Open Sachin1O1 opened this issue 2 years ago • 49 comments

What's the minimum / maximum startup impact of application insight on microservices startups?

Sachin1O1 avatar Dec 10 '21 10:12 Sachin1O1

any update?

Sachin1O1 avatar Dec 23 '21 09:12 Sachin1O1

hi @Sachin1O1, it depends a lot on the application and the compute resources. there's also additional overhead on Java 8 because the agent jar is signed, and the Java JIT compiler is not activated until later on in the startup process on Java 8 (this is not an issue on Java 11).

trask avatar Jan 03 '22 18:01 trask

Hi @trask , I have some stats on how my service startup time is impacted by the application insight jar

Service startup sample

Sr no With jar Without jar
1 260.21 102.6
2 170 103
3 274 180
4 165 99

Container resources

resources: limits: cpu: 300m memory: 700Mi requests: cpu: 100m memory: 400Mi

Java

Java 11 (OpenJ9)

As you can see it inc startup time by almost X2

Sachin1O1 avatar Jan 18 '22 07:01 Sachin1O1

I'm curious to know which version of agent were you testing against? Did you try the latest GA/BETA version?

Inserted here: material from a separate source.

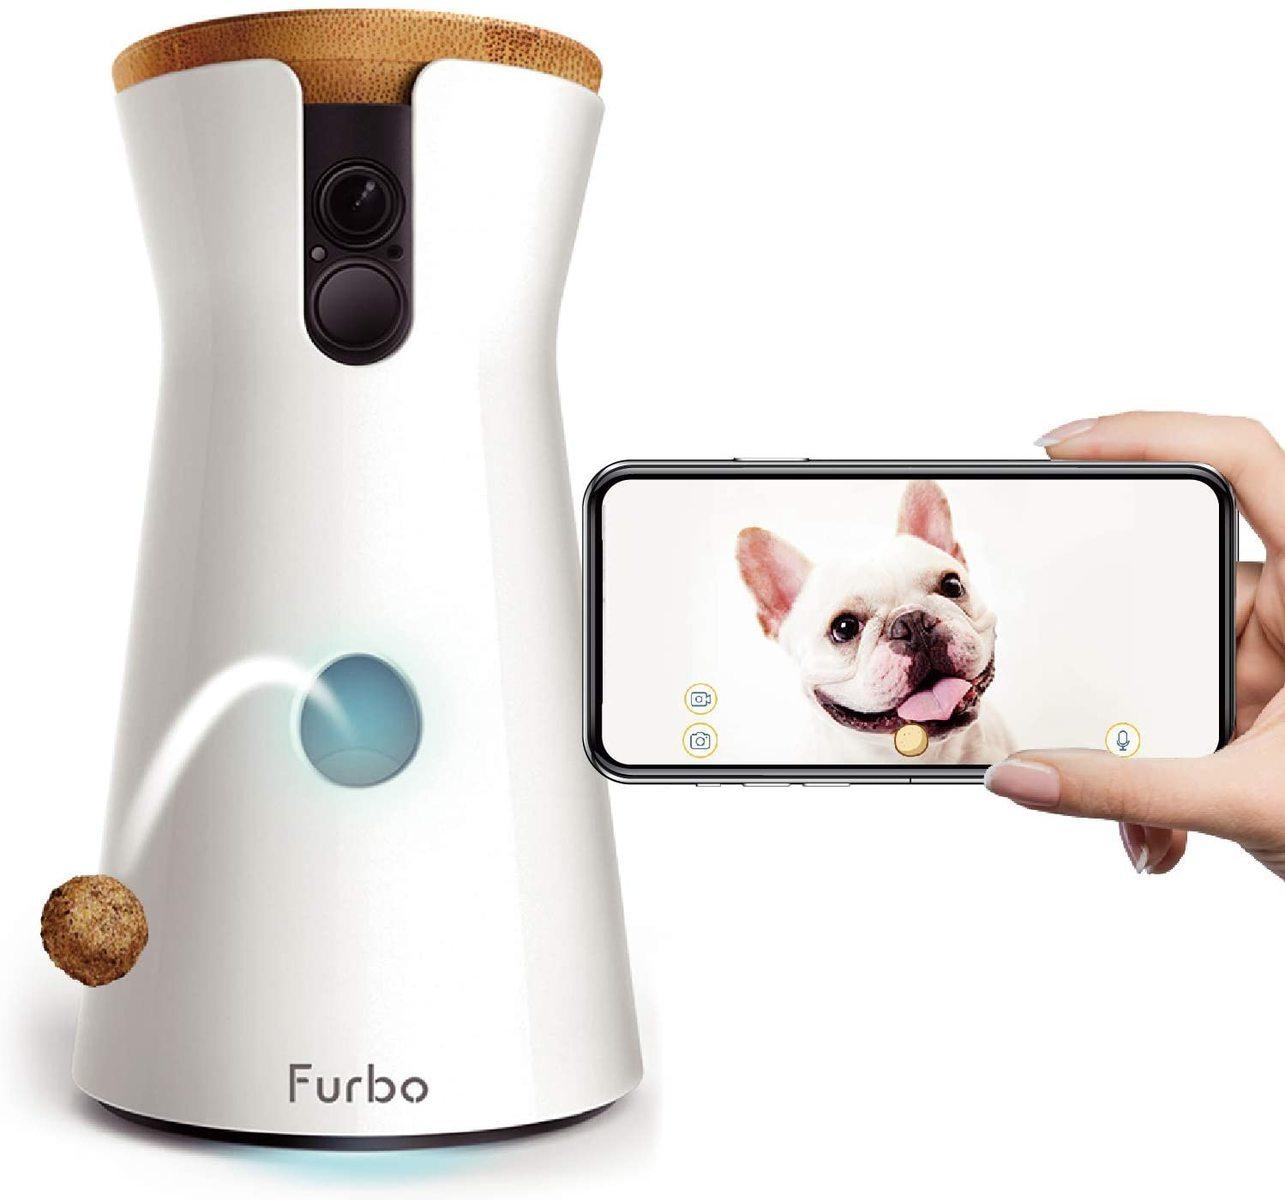 AI搭載 wifi ペットカメラ 犬 留守番 飛び出すおやつ 見守り 双方向会話 スマホ iPhone & Android 対応 アカウント共有 写真 動画 商品名 愛犬 ペット見守り お留守

heyams avatar Jan 18 '22 20:01 heyams

Hi @heyams,

I am using Application Insights Java 3.2.4 (GA)

Sachin1O1 avatar Jan 19 '22 06:01 Sachin1O1

@trask @heyams any update on this.

Sachin1O1 avatar Feb 03 '22 08:02 Sachin1O1

i'm working on a debug startup profiler.. so that you can provide thread dump to us for further debugging. we're not able to repro it.

heyams avatar Feb 04 '22 04:02 heyams

@Sachin1O1 can you use this 3.2.6-BETA-SNAPSHOT and help us collect thread dump from your app?

Please set -Dapplicationinsights.debug.startupProfiling to true in your jvm arguments: java -javaagent:applicationinsights-agent-3.2.6-BETA-SNAPSHOT.jar -Dapplicationinsights.debug.startupProfiling=true.

Let it run till your app has started. Then send me ([email protected]) the file called stacktrace.txt located in your temp folder. The full path is available in the applicationinsights.log. Something like C:\Users\${USER-NAME}\AppData\Local\Temp\applicationinsights

heyams avatar Feb 07 '22 21:02 heyams

@Sachin1O1 i updated the snapshot link above. earlier version was no good. please give it a try and get back to us when you can. thanks.

heyams avatar Feb 07 '22 23:02 heyams

@heyams Thanks for the profiler. I will update you with the relevant data ASAP. :)

Sachin1O1 avatar Feb 08 '22 08:02 Sachin1O1

Hi @heyams, we did some testing with the StartupProfiler, and we will share the stacktrace.txt with you on e-mail. But we encountered a warning and one exception.

First was the warning that InstrumentationKey is missing.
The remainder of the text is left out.